EXERCISE BRIEF: The output must consist only of the lines from the one with "کفش مردانه چرم طبیعی ژست مدل 3121" through the end of the listing, restated exactly and free of pictures.

GIVEN DATA:
****************

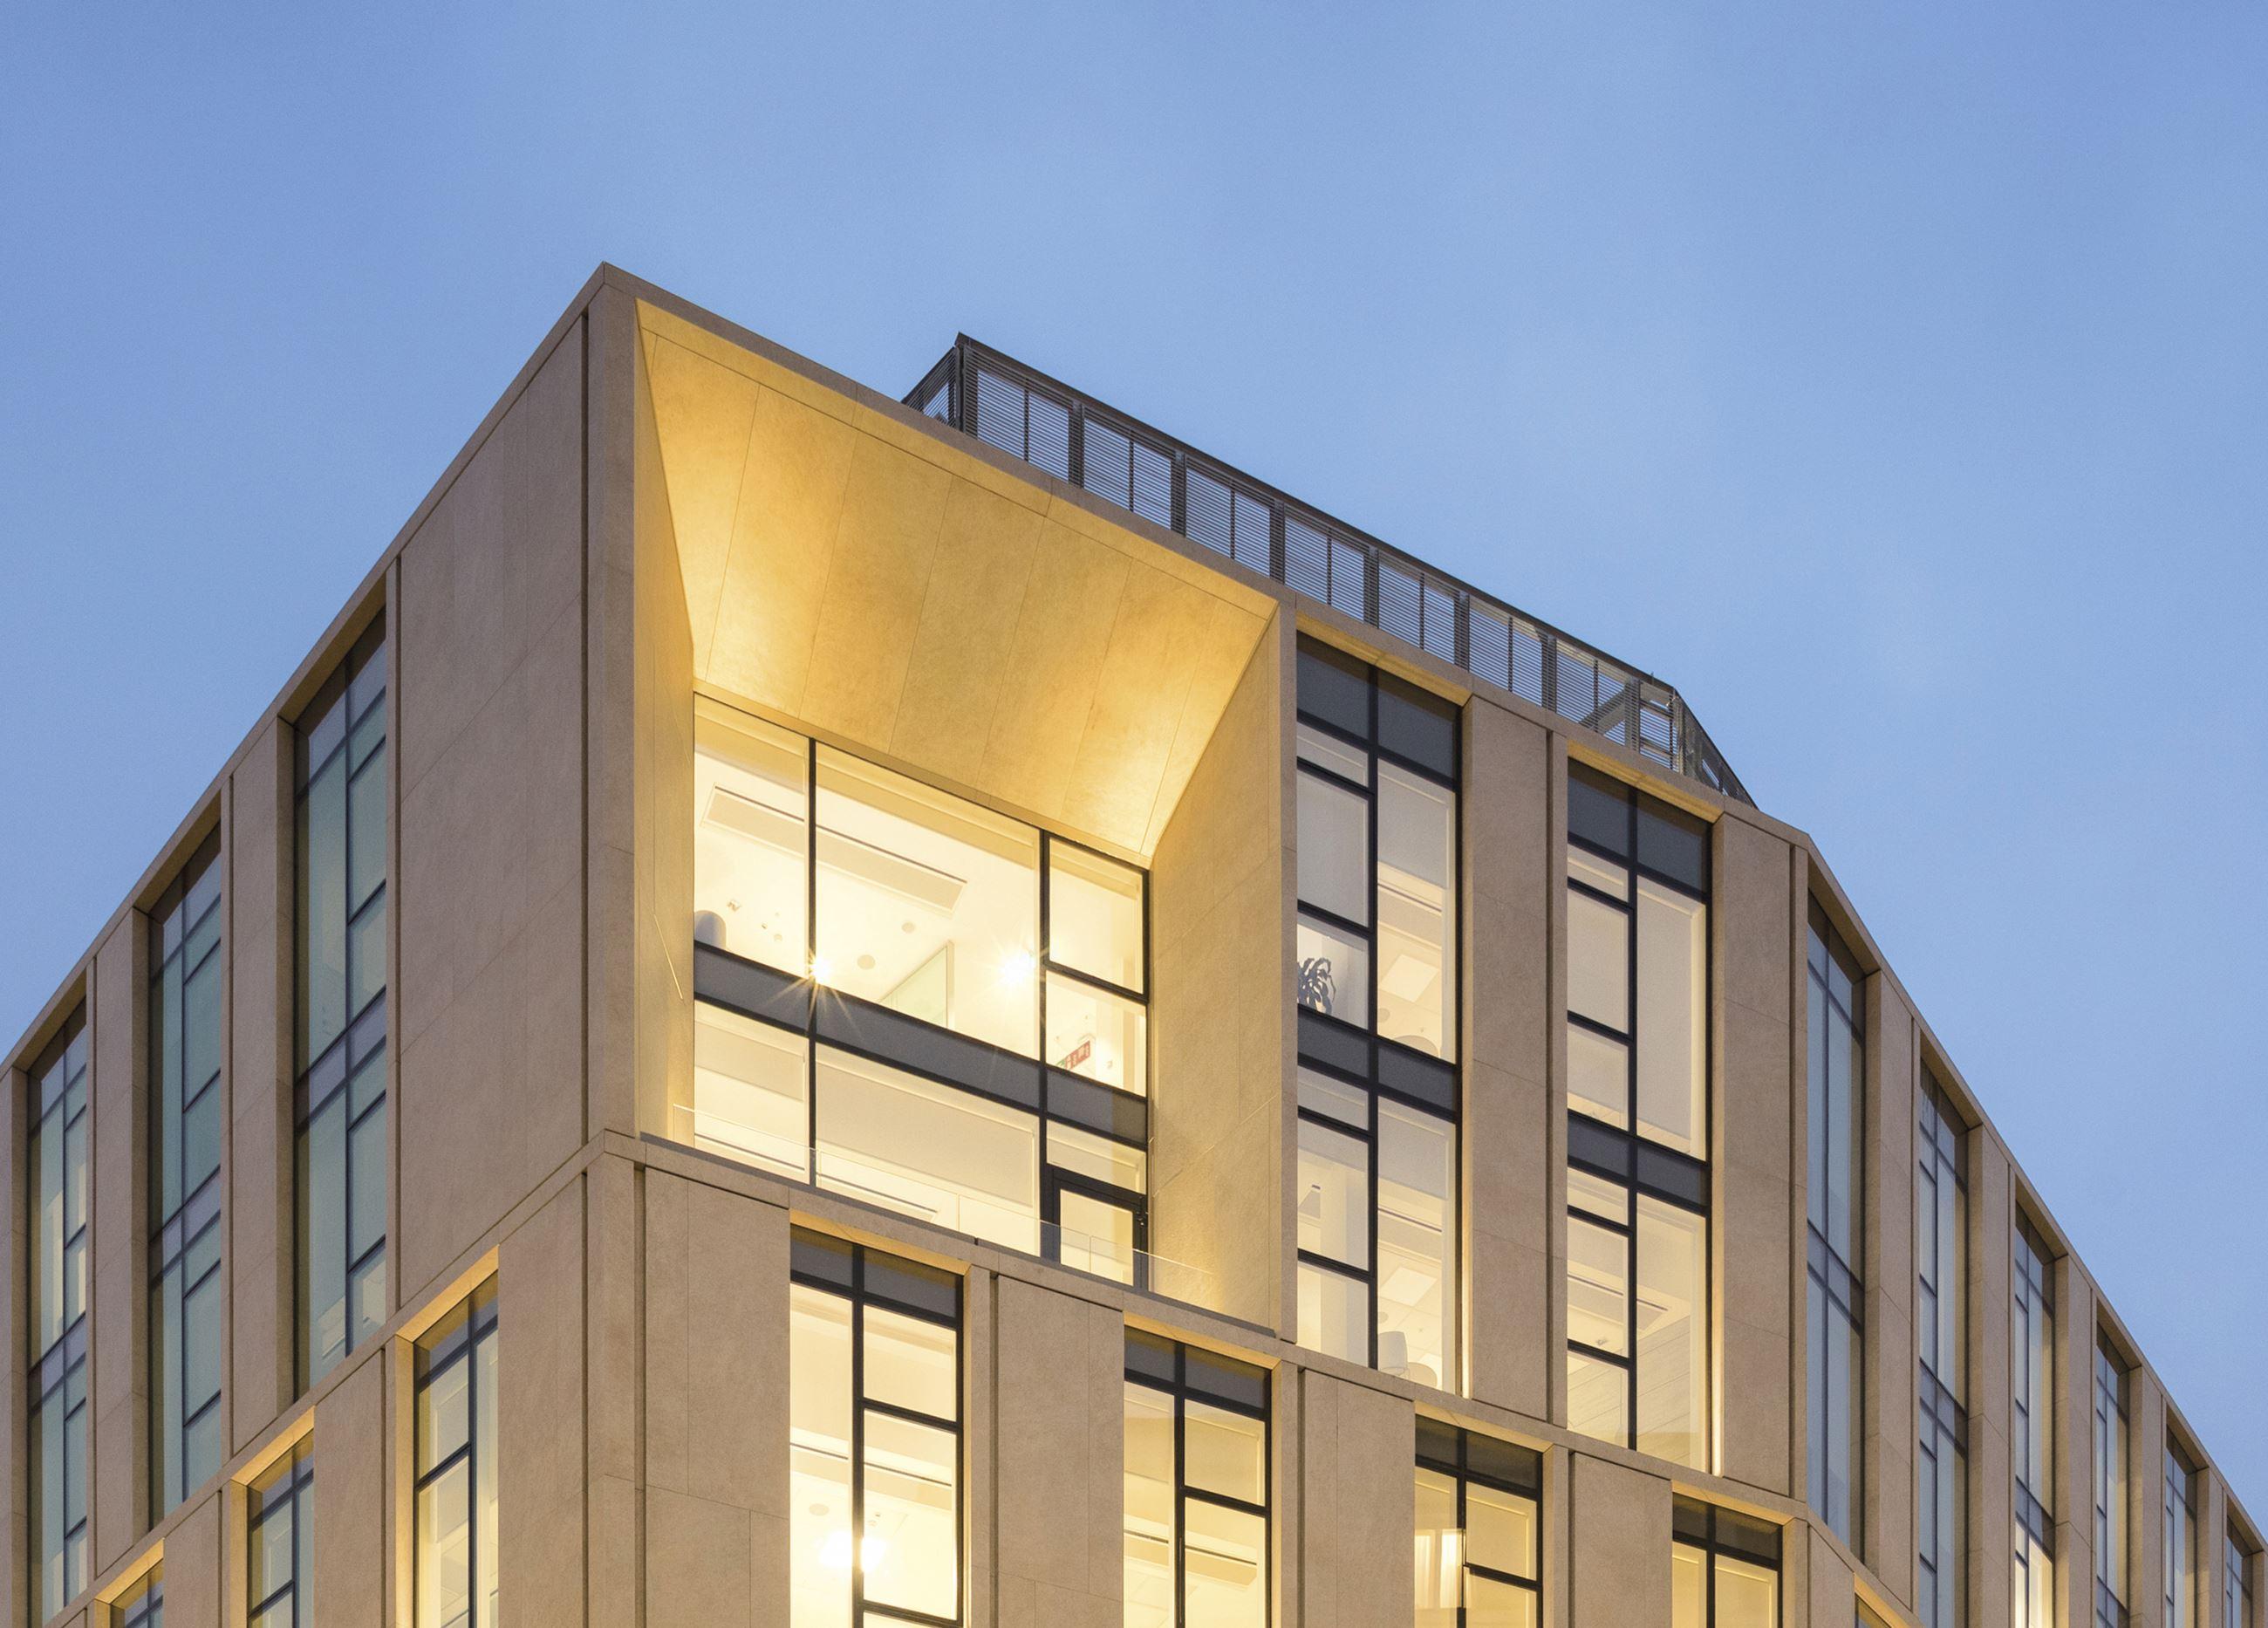 Architectural elements assembling
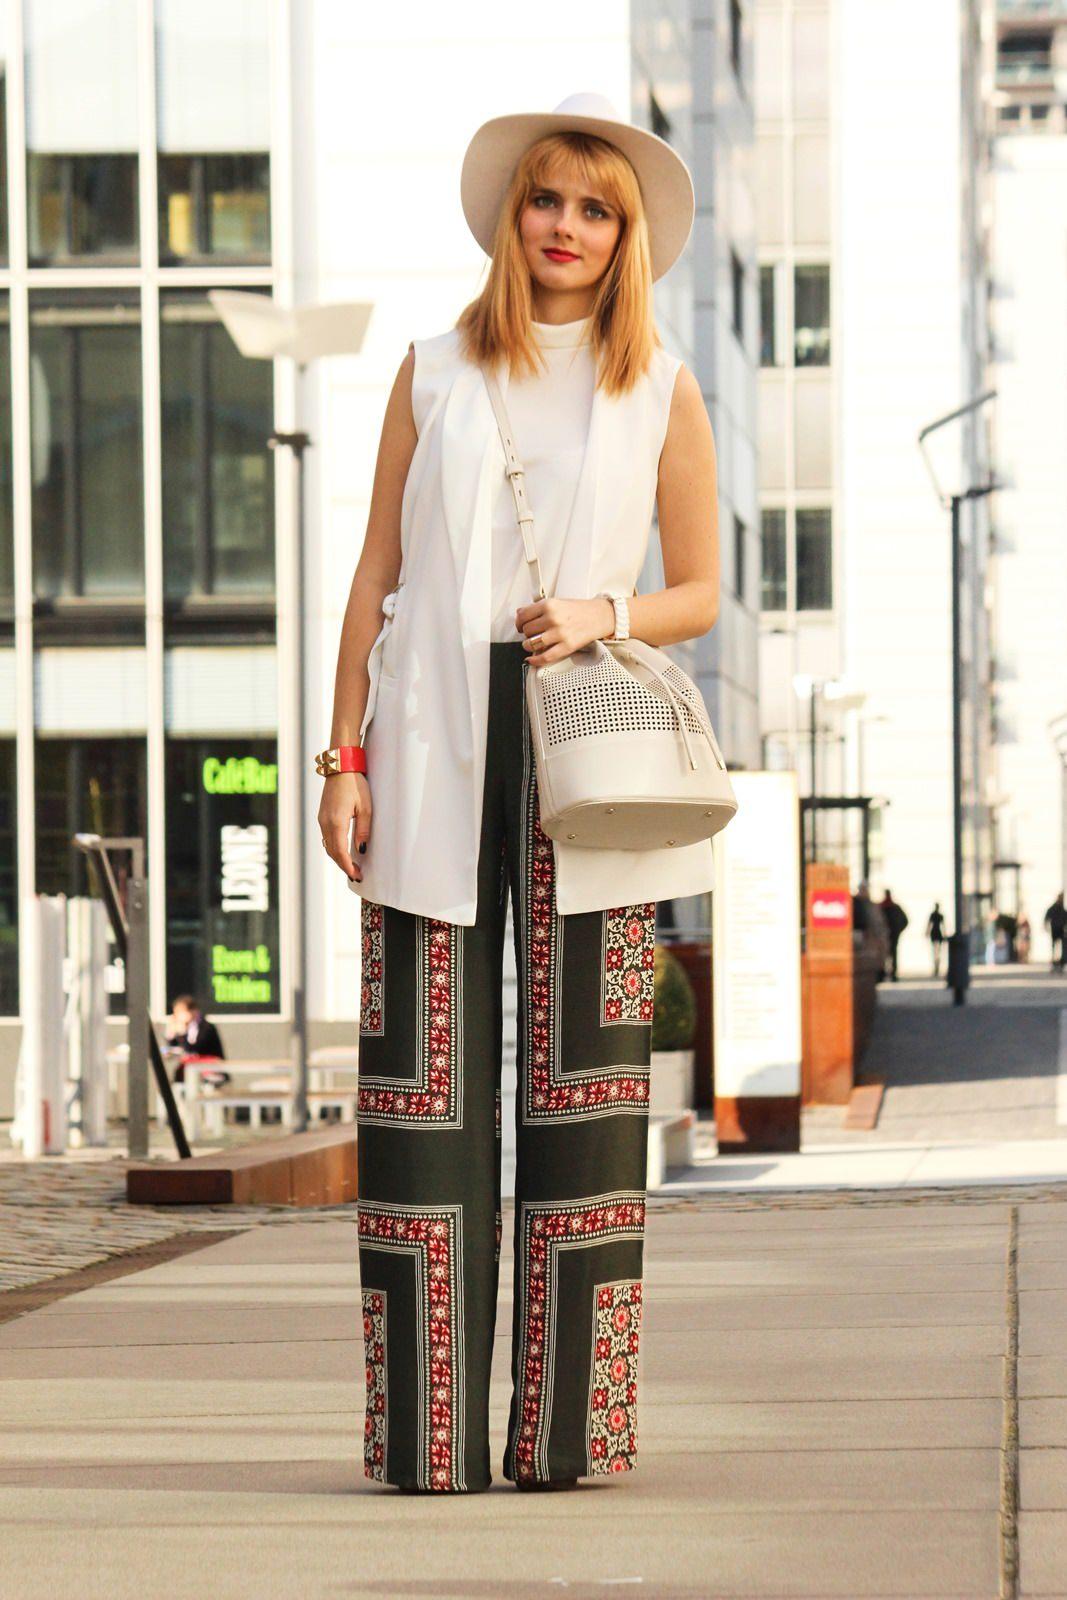 Des Belles Chosea_Fashionblog Cologne_Ethno palazzo trousers_Zara 3
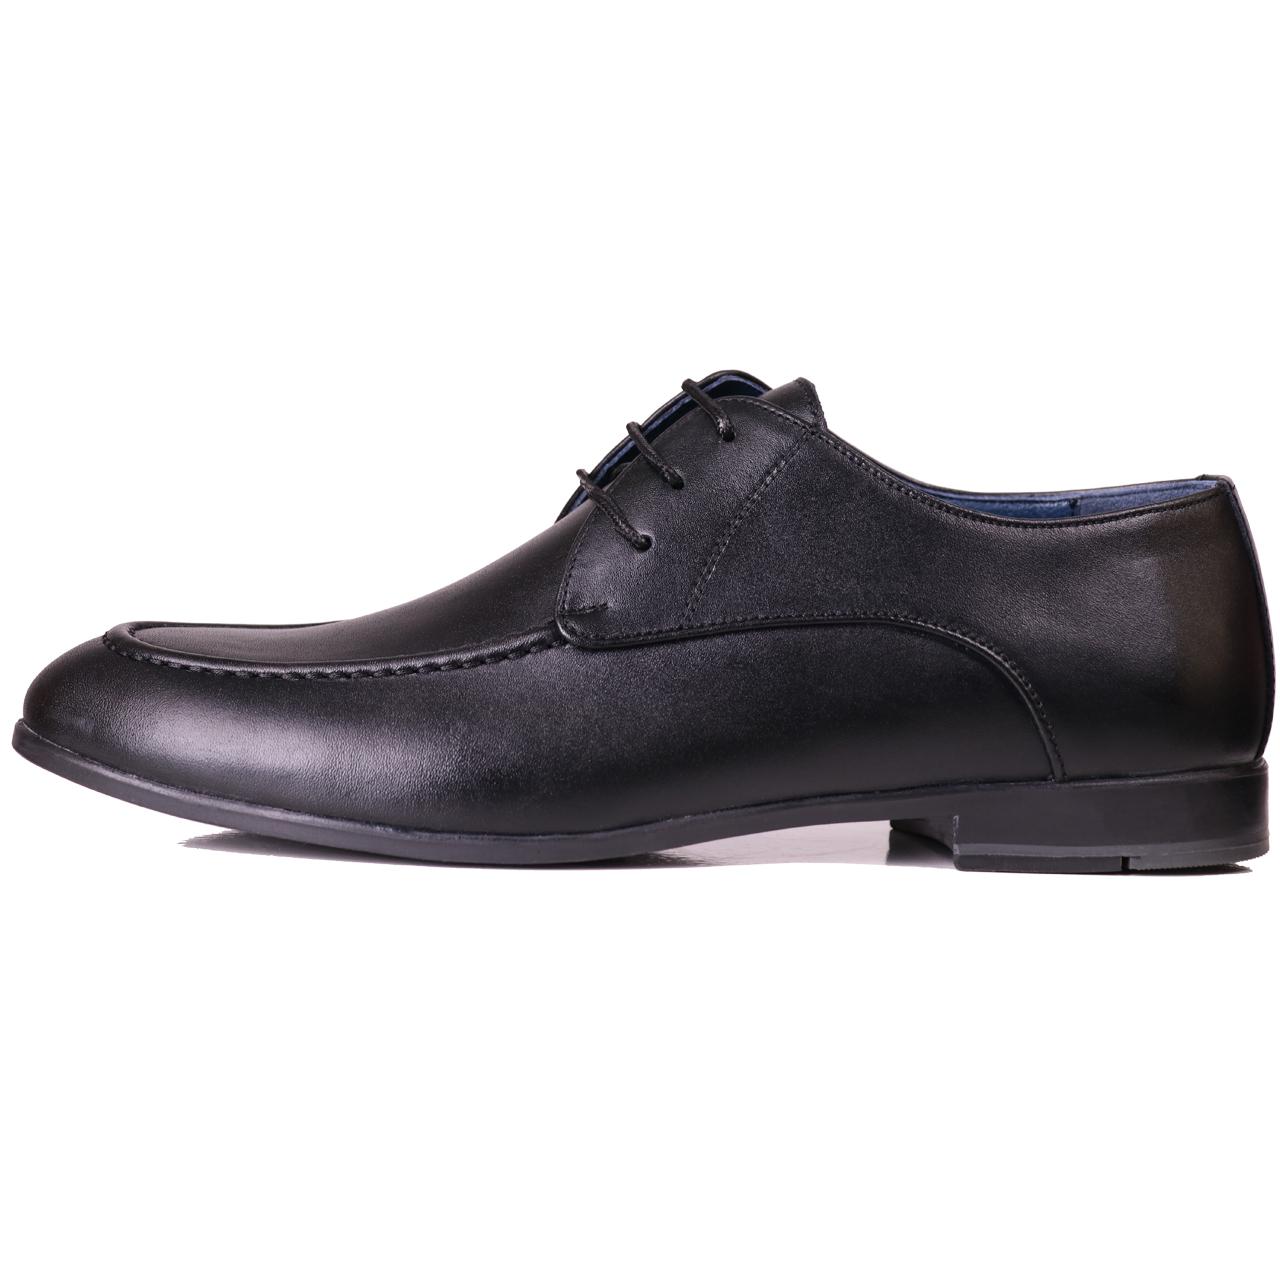 کفش مردانه چرم طبیعی ژست مدل 3121
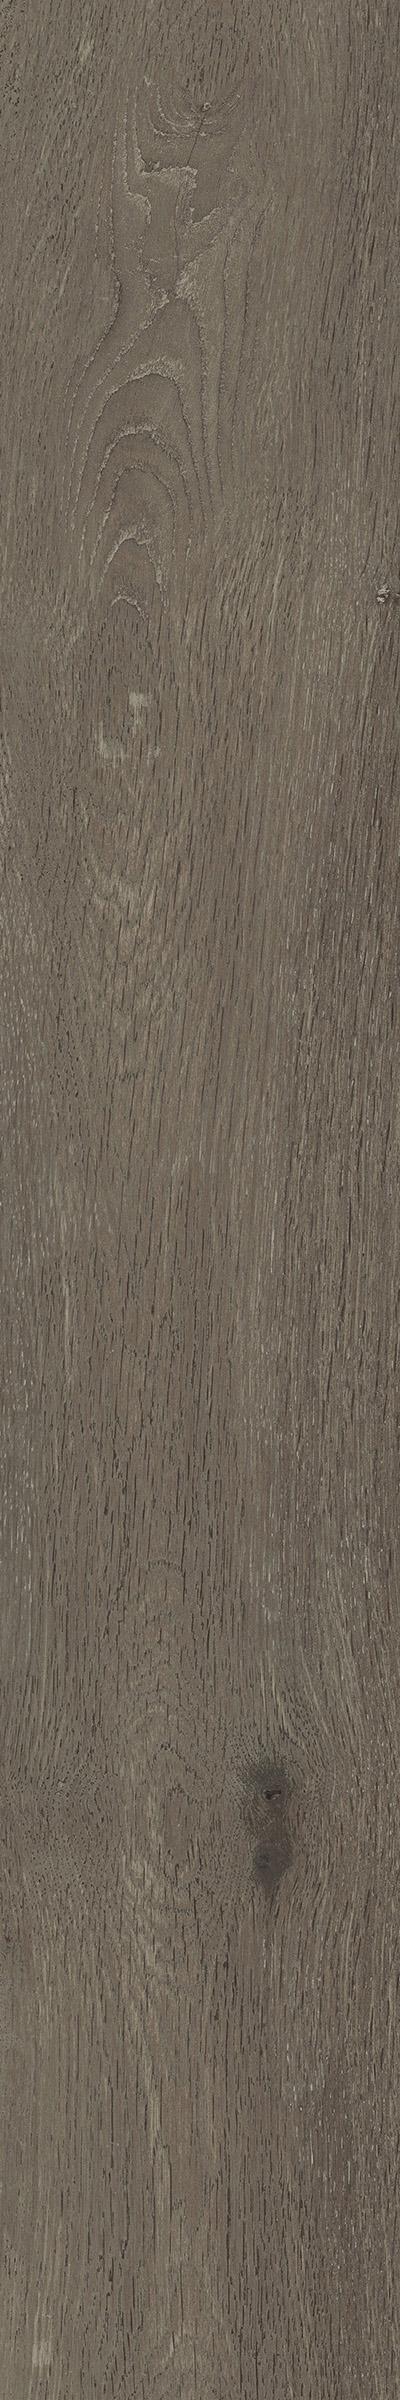 Naples-Bruin-20x120

****************

EXPECTED ANSWER:
 کفش مردانه چرم طبیعی ژست مدل 3121
 Naples-Bruin-20x120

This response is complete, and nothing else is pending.